“But you did.”
“Yes.”
“Why?”
He finally meets my eyes—really meets them—and something in his expression cracks. Because he doesn’t look like the monster who ruined me anymore. He looks like the boy I forgot.
“I needed to know,” he says. “If you remembered.”
“And do you?”
He swallows hard, his throat working. Then he nods. “I remember everything.”
I take a step back, the cold stone of the floor seeping through my boots. “Why didn’t you tell me?”
His voice breaks, low and ruined. “Because you didn’t choose me then. And I wasn’t going to let you not choose me now.”
I don’t breathe. I don’t move. He steps closer. Closer. Until the air between us feels like a loaded gun. His palm brushes mine, the heat of him a shock. He curls his fingers into my fist.
And he whispers: “You were the first girl I ever wanted to keep. And the first one who left me behind.”
The words gut me. Because I don’t remember doing that, but the ache in his voice says I did. And that memory—the chapel, the candle, the boy in the shadows—it’s not a hallucination. It’s a debt I never knew I owed.
The candles hiss. The moth on the altar doesn’t move. Damien’s fingers are still wrapped around mine, but the weight of his grip has changed. It isn’t possession now. It’s a tremor, like he’s bracing himself for an impact he knows is coming.
I swallow hard, forcing my eyes away from him and back to the altar, back to the single pinned wing.
“The message,” I whisper. “Damien… the message told you to come alone.”
His jaw flexes. “I know.”
“I got one too,” I say, my voice breaking in the middle. “It said ‘Come too.’”
His head snaps up, eyes wide and feral. “What?”
I nod, the phone still heavy in my pocket. “That’s why I’m here. He didn’t just call you. He called me.”
For a heartbeat, there’s nothing but the sound of our ragged breathing. Then he lets go of my hand and drags both palms down his face, fingers digging into his temples like he’s trying to claw the thought out.
“Fuck,” he mutters. The sound is low, dangerous.
I step back, my spine pressing against the altar again. “Who would do this? Who would know how to?—”
“I don’t know yet,” he cuts me off. “But this isn’t a trap for me anymore. This is a trap for you.”
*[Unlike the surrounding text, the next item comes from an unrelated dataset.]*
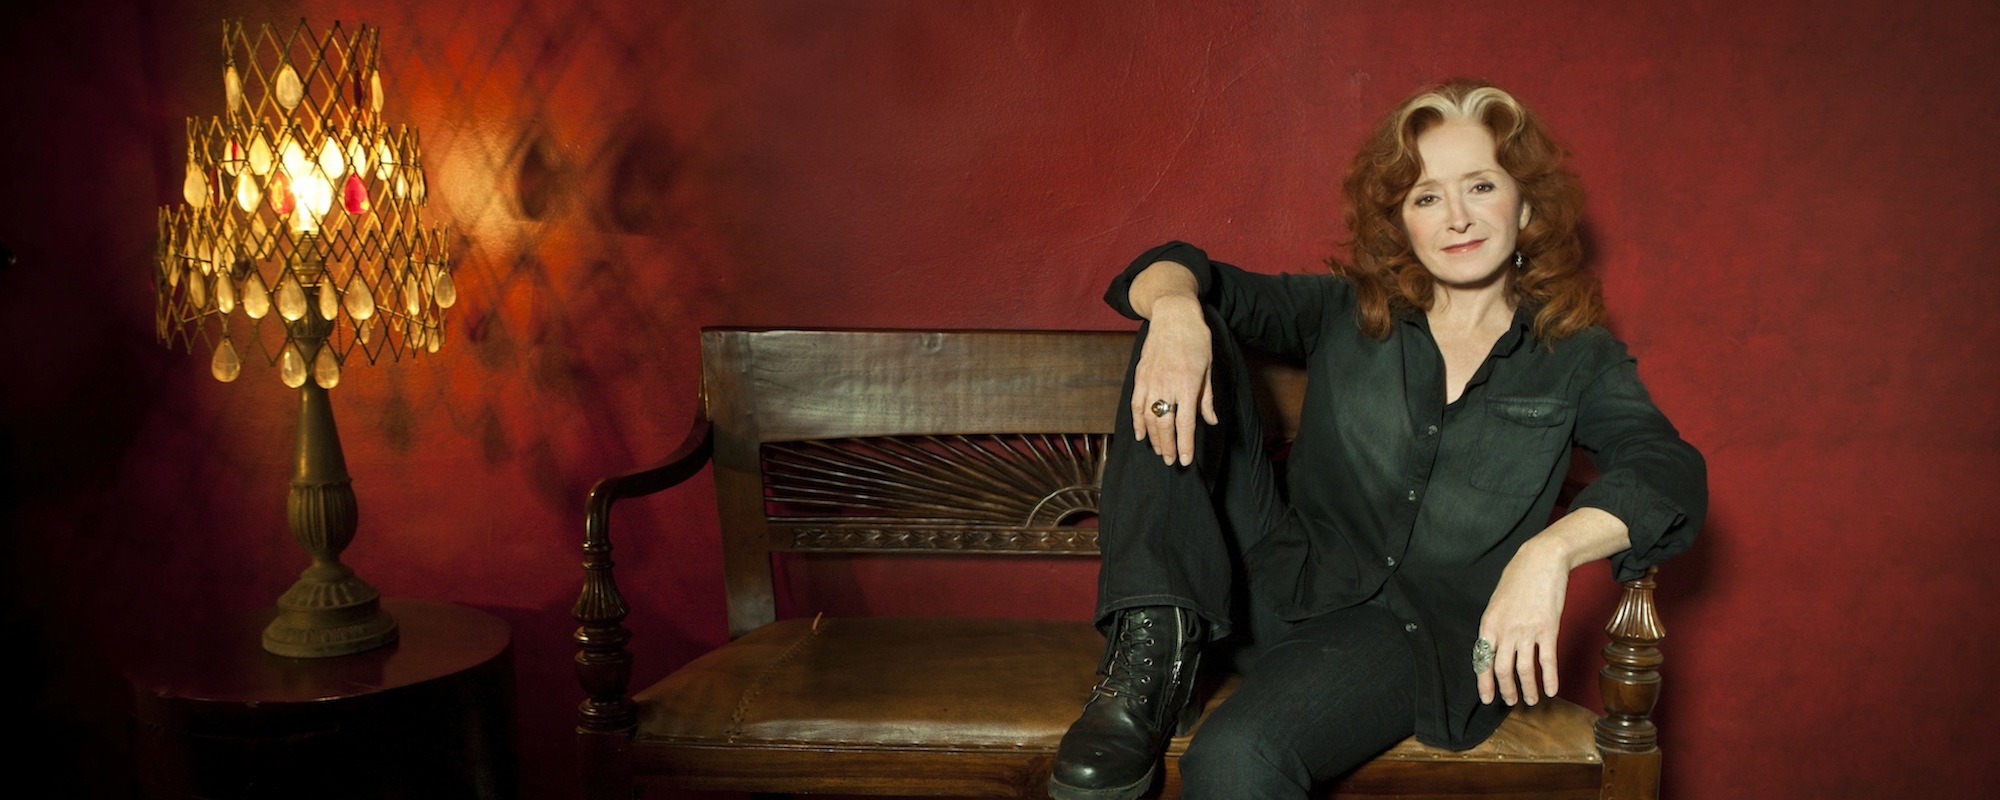 Bonnie Raitt Performs New Single, “Made Up Mind,” From Forthcoming LP on ‘Jimmy Kimmel Live’

He’s scanning the pews now, his head snapping left and right. His eyes flick to the stained glass, to the broken door, to the darkness between the seats. “He’s been inside my feeds. He’s been inside my backups. Now he’s inside your head.”
“Stop.” My voice is sharp but shaky. “You’re scaring me.”
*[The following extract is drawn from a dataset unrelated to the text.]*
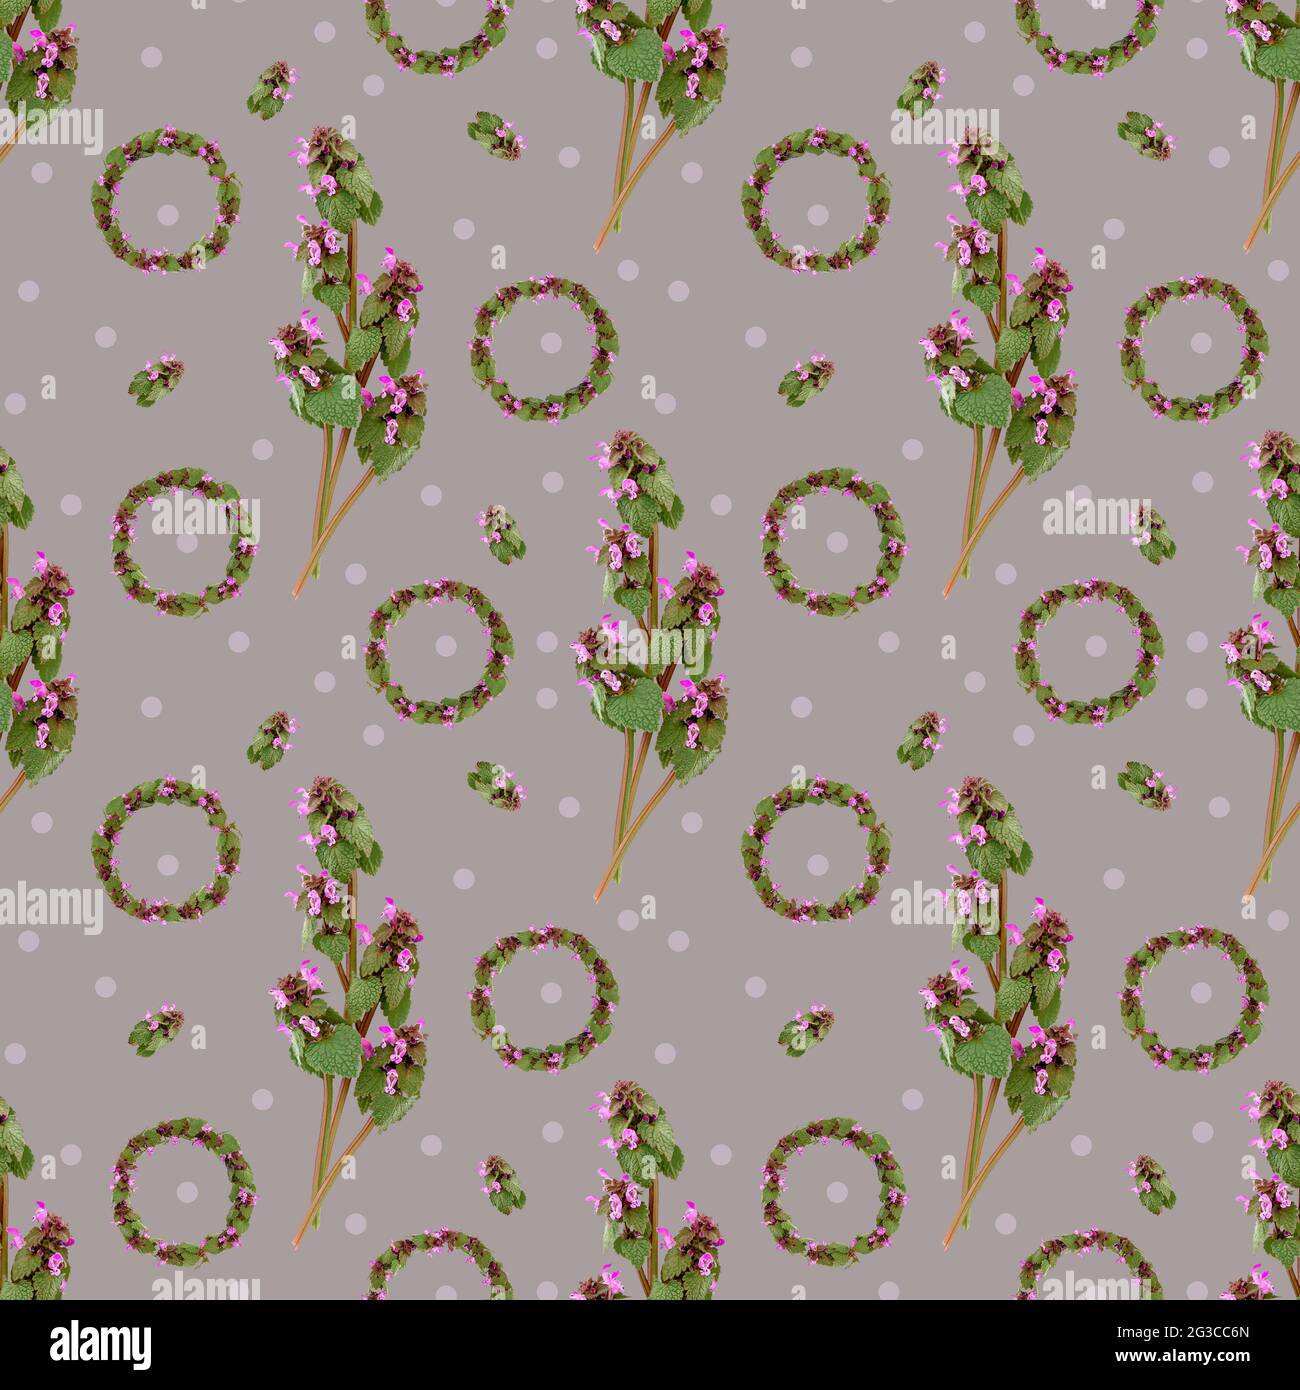 Seamless pattern of wild spring flowers and branchlets on a gray background Stock Photo

“Good,” he snaps, then his voice softens into something even more terrifying. “Good. Because you need to be scared enough to listen to me.”
He turns back toward me, stepping back into my space, lowering his voice to a whisper that vibrates against my skin.
“I didn’t bring you here,” he says. “I would never bring you back to this place. He brought you.”
My stomach turns. “Then why are we standing here?”
His eyes bore into mine. “Because if he’s watching,” Damien murmurs, “he’s watching right now.”